Thirdly, consistent with observations we and other have made, the incidence of invasive BC in younger women of all races appear to be increasing.^30-32 This might be explained by stage migration, the change in reproductive risks profile over time such as women having first pregnancies at later ages and breast feeding for shorter durations, or increased awareness and consequently higher uptake of screening in those 40 years and older.

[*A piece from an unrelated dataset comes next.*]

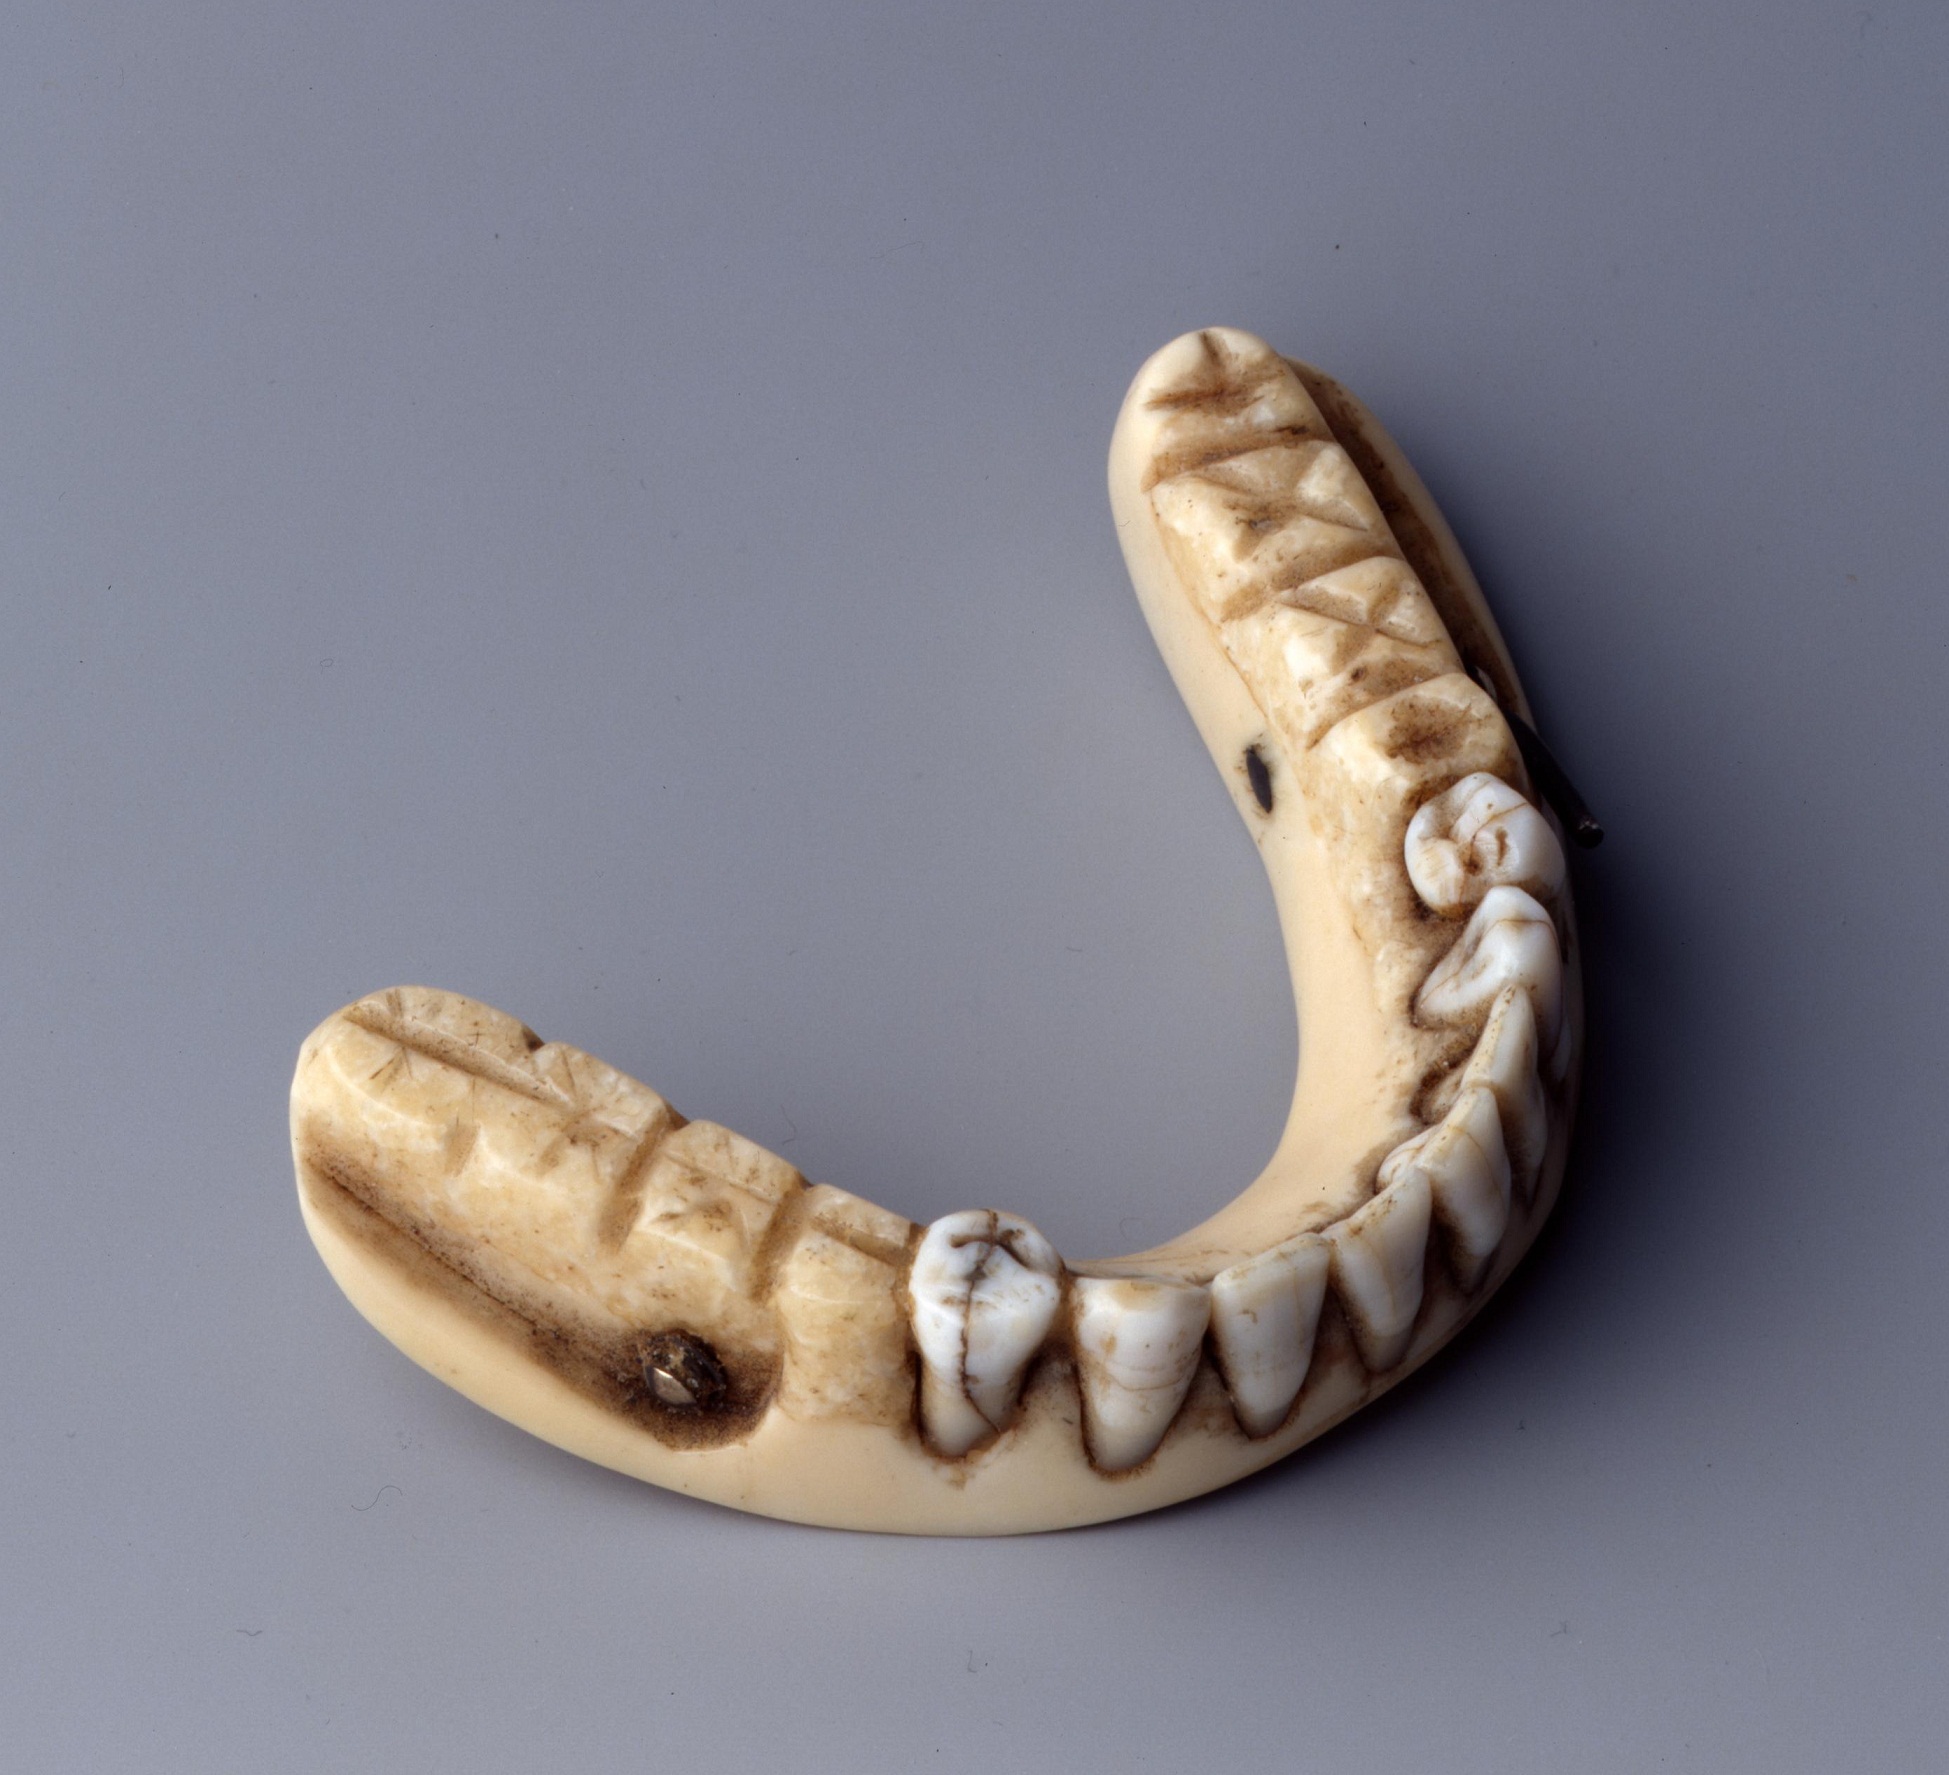 Untere Vollprothese, so genannte Waterloo-Zähne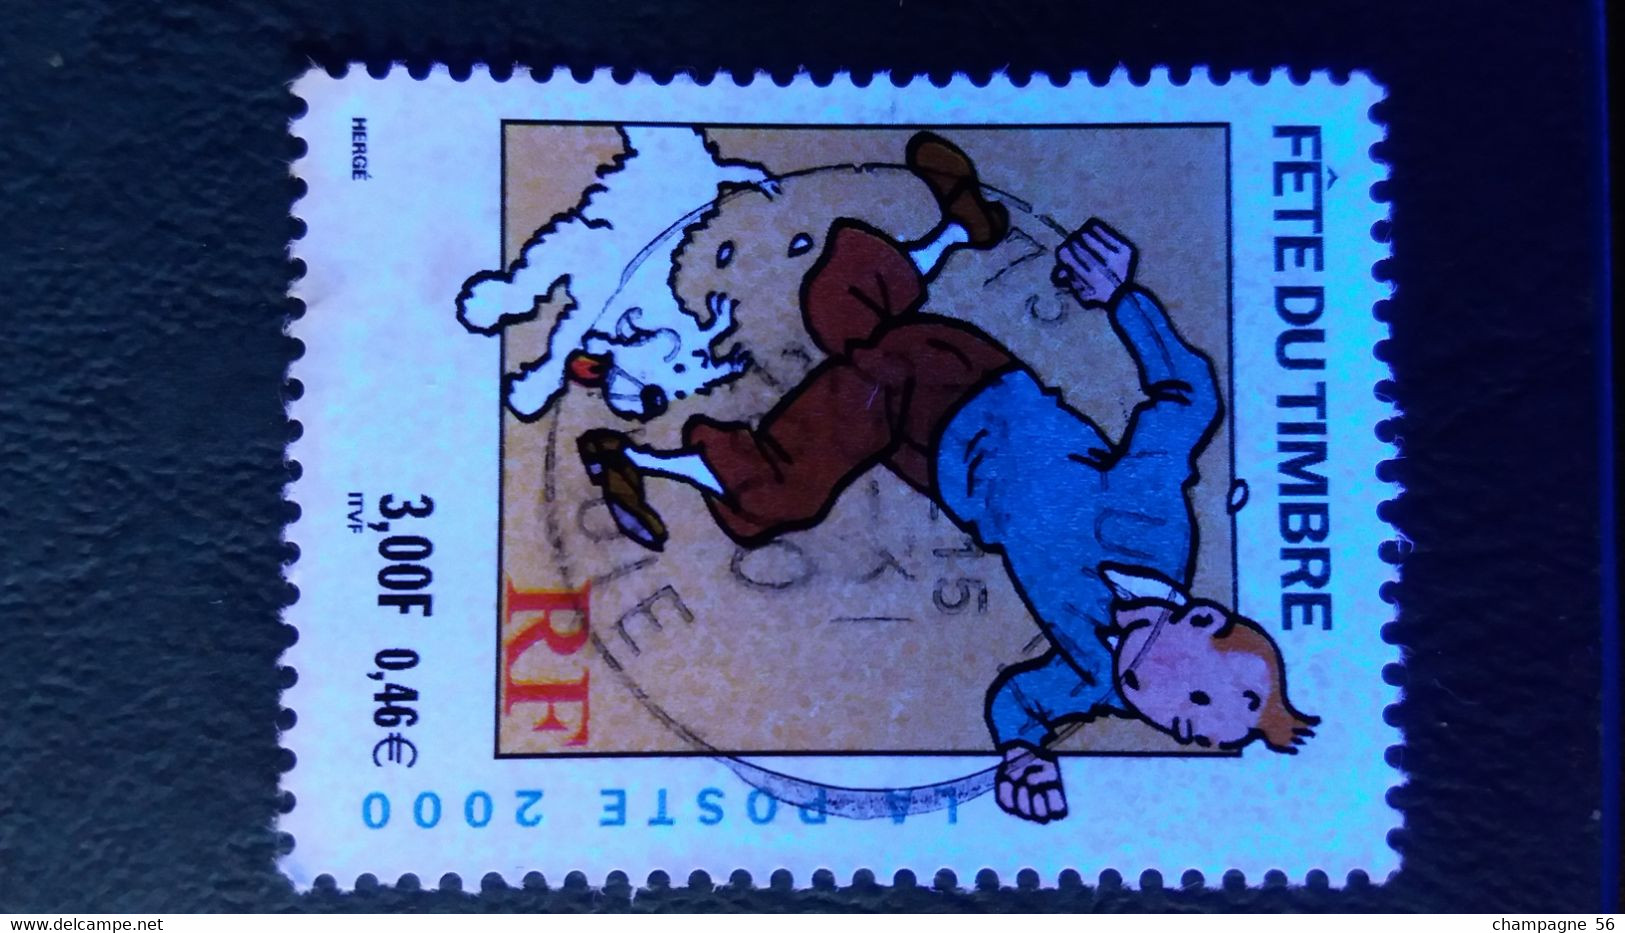 FRANCE 2000 N° 3303a 13 1/2 X 13  OBLITERE 25.31.2000 / COULEUR NUANCE ET DEPLACER / LAMPE U.V. / SCANNE 3 PAS A VENDRE - Used Stamps

Our data must be interpreted in the light of its limitations. It is possible that the inability to include data on HER2 status may confound the interpretation of these results. However, there is no scientific evidence to suggest that trends in HER2 positivity have changed over time in young women. Similarly, this analytic cohort has missing data on ER in 11-15% of patients. Consistent with other studies, black patients appeared to have a slightly higher proportion of missing ER than whites.³³ It is unclear what directional changes to the results these biases may have introduced. Although others have used statistical approaches to impute missing data, we have not done so in this particular analysis due to our hesitation in employing such techniques to reassign unknown ER status, a crucial classifier of BC. Information on systemic treatment is also not collected in SEER; however, most young women are generally treated more aggressively with chemotherapy. The cutoff age of 49 selected for the purposes of these analyses is somewhat arbitrary as there is no unanimously established definition of ‘early-onset’ BC. Finally, it is now quite clear that the molecular classification of BC³⁴ is probably more pertinent in clinical outcome than ER, PR, and HER2, however, this information is not yet used in routine clinical practice.

In conclusion, young black women have higher mortality rates than other young women with BC irrespective of stage or hormone receptors. Further studies investigating the unique tumor biology that leads to black women having the greatest risk of death are warranted.